(Required action) Leave the pictures out and print, word for word, the lines below from the one with "Ritratto di un" through the final line.

(Recorded data)
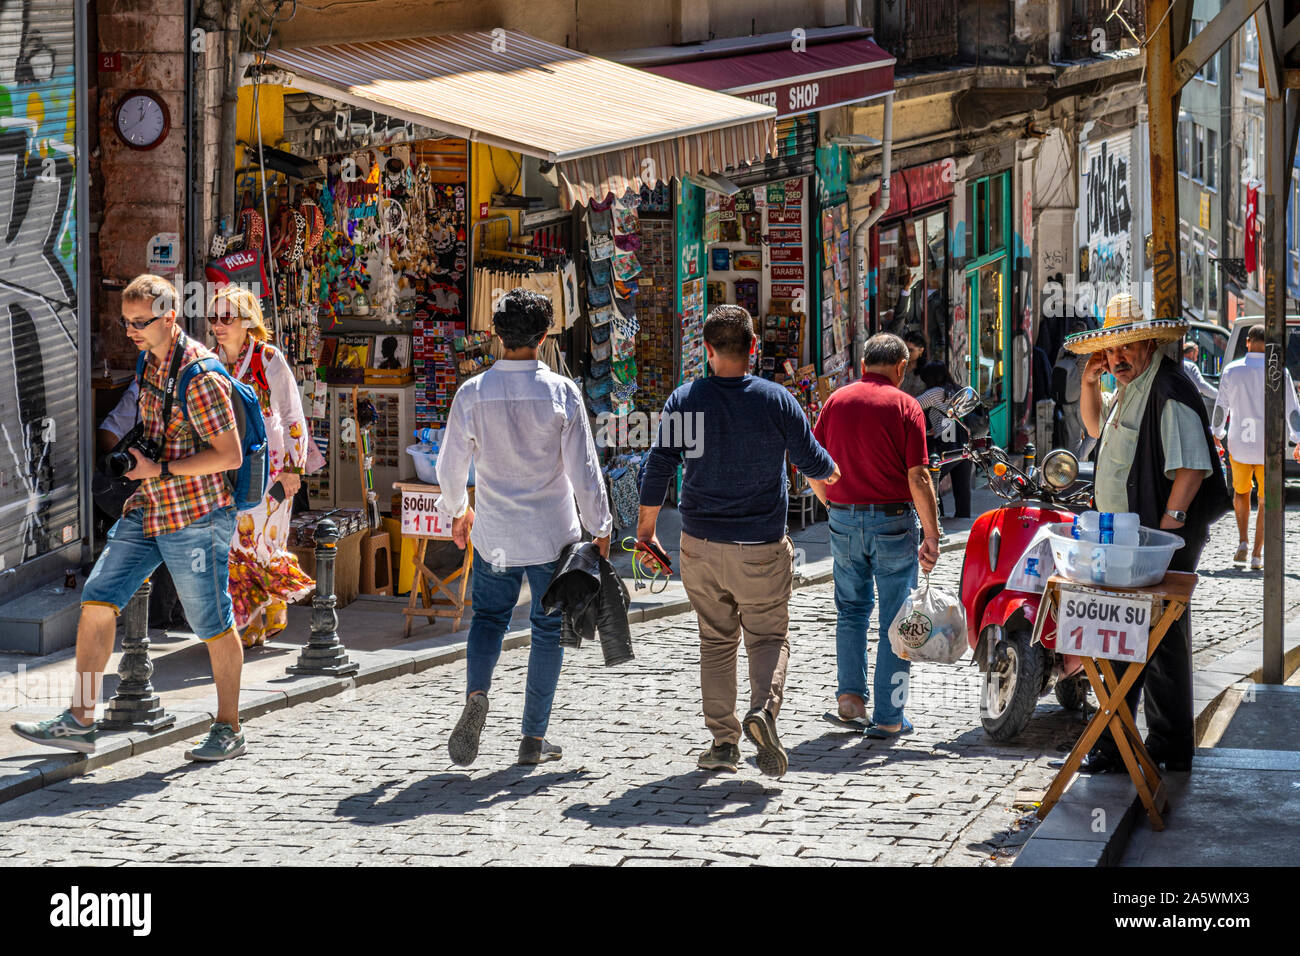 Un Turk vende acqua imbottigliata sul marciapiede vicino a negozi di souvenir e colorati negozi di articoli da regalo in zona collinare in quartiere di Galata di Istanbul in Turchia Foto Stock
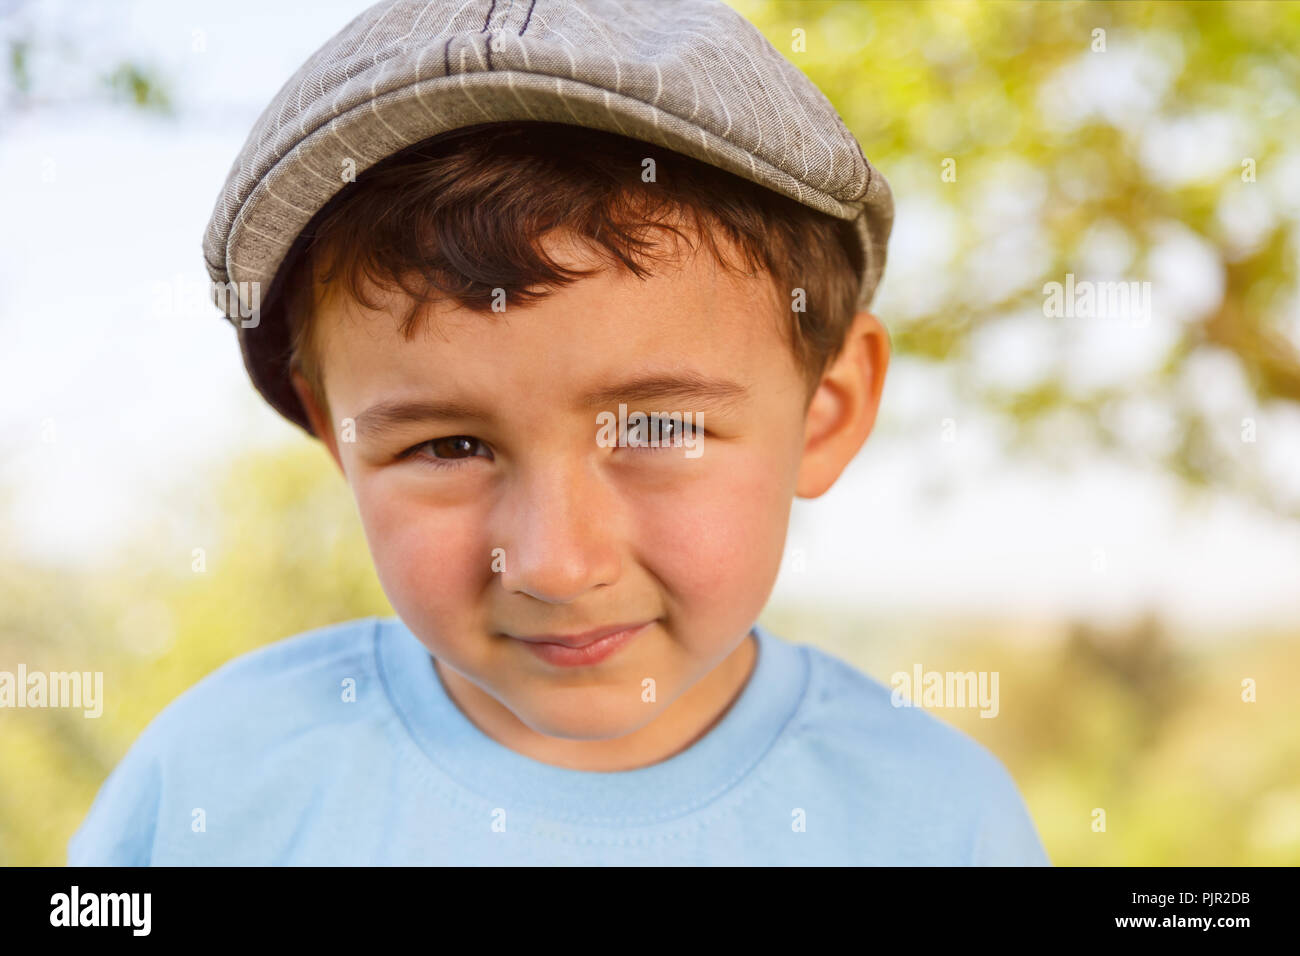 Ritratto di un bambino kid ragazzino con cappuccio faccia esterna all'esterno al di fuori della natura Foto Stock
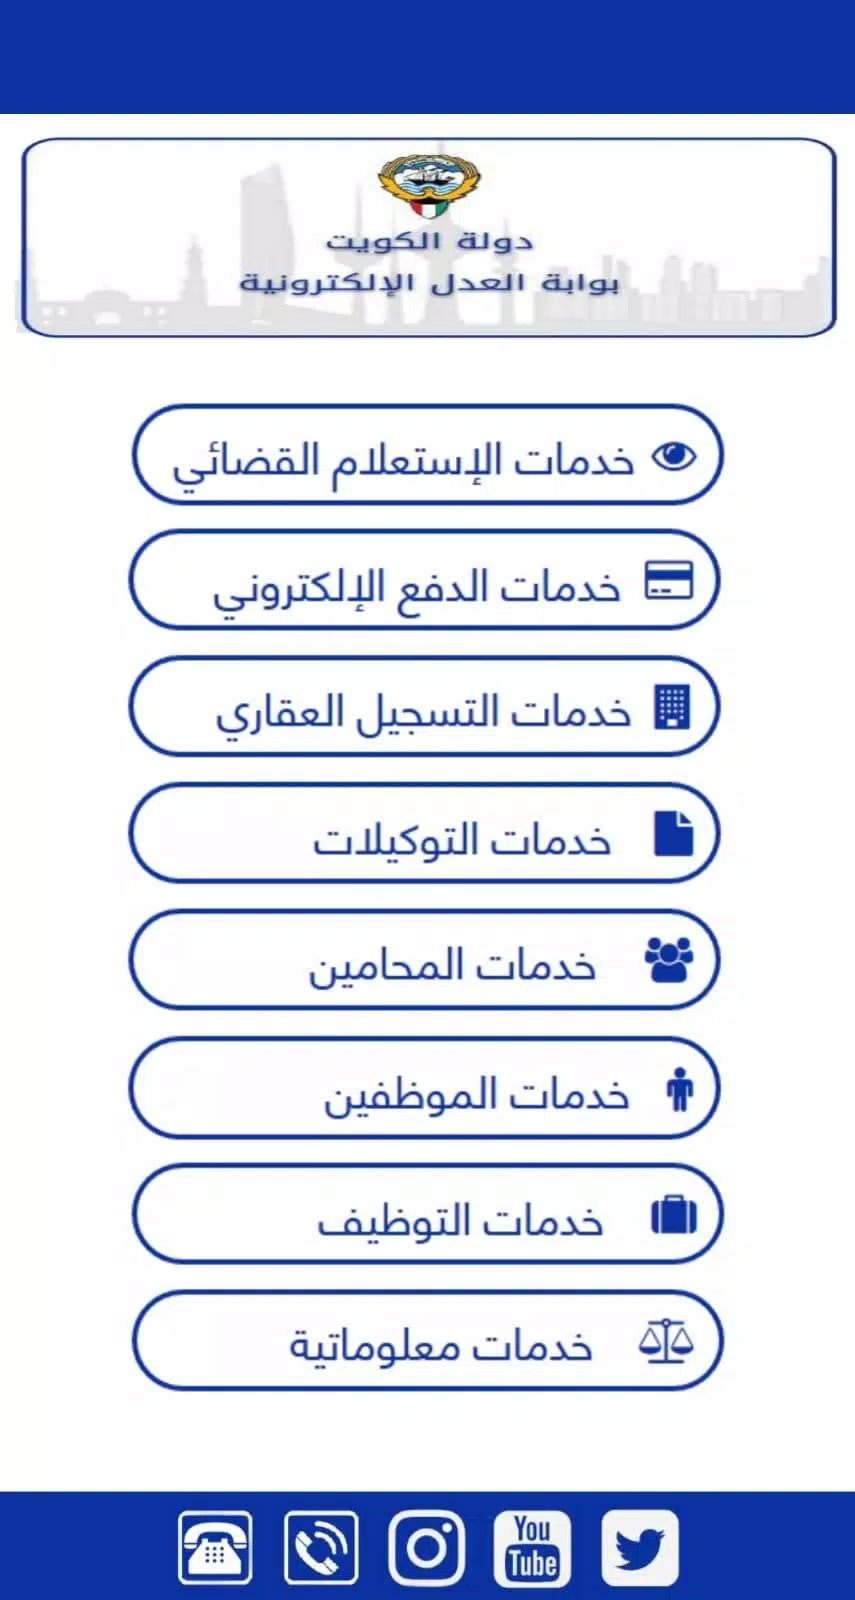 Download do APK de خدمات وزارة العدل الالكترونية - دولة الكويت para Android
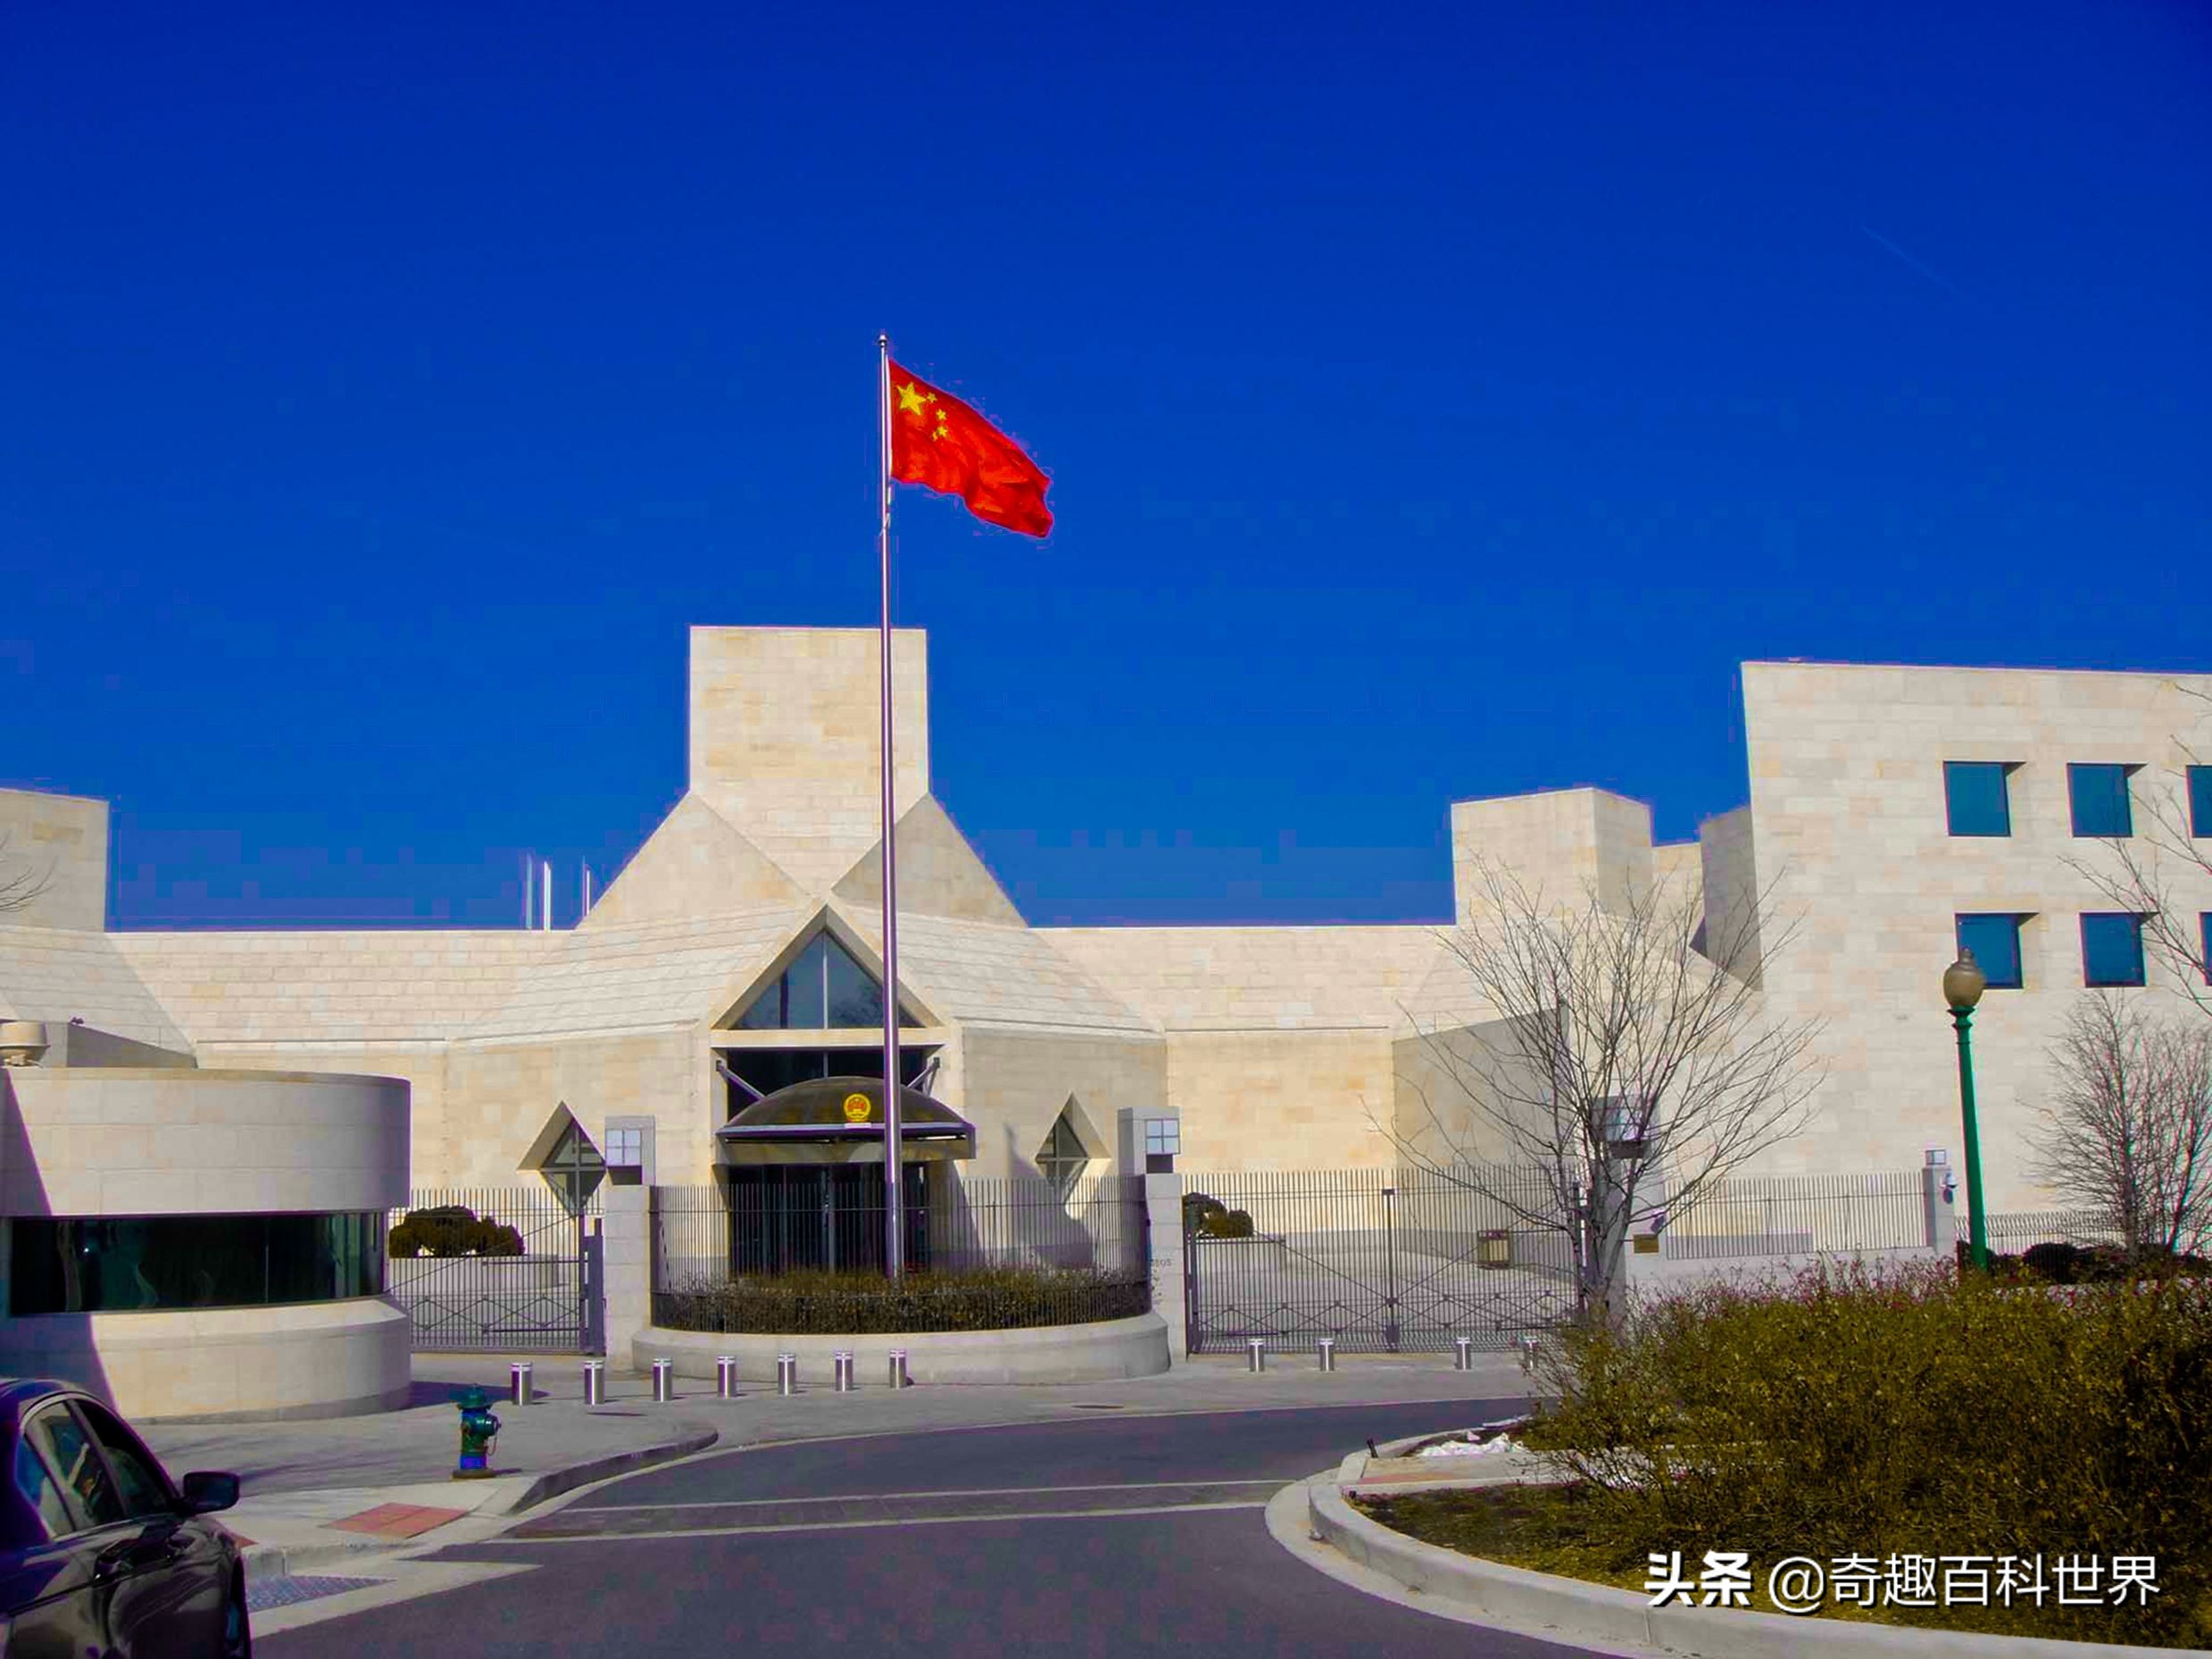 中国驻越南使馆办理越南首例海外远程视频公证

(Task answer)
 Ritratto di un bambino kid ragazzino con cappuccio faccia esterna all'esterno al di fuori della natura Foto Stock
 Download do APK de خدمات وزارة العدل الالكترونية - دولة الكويت para Android
 中国驻越南使馆办理越南首例海外远程视频公证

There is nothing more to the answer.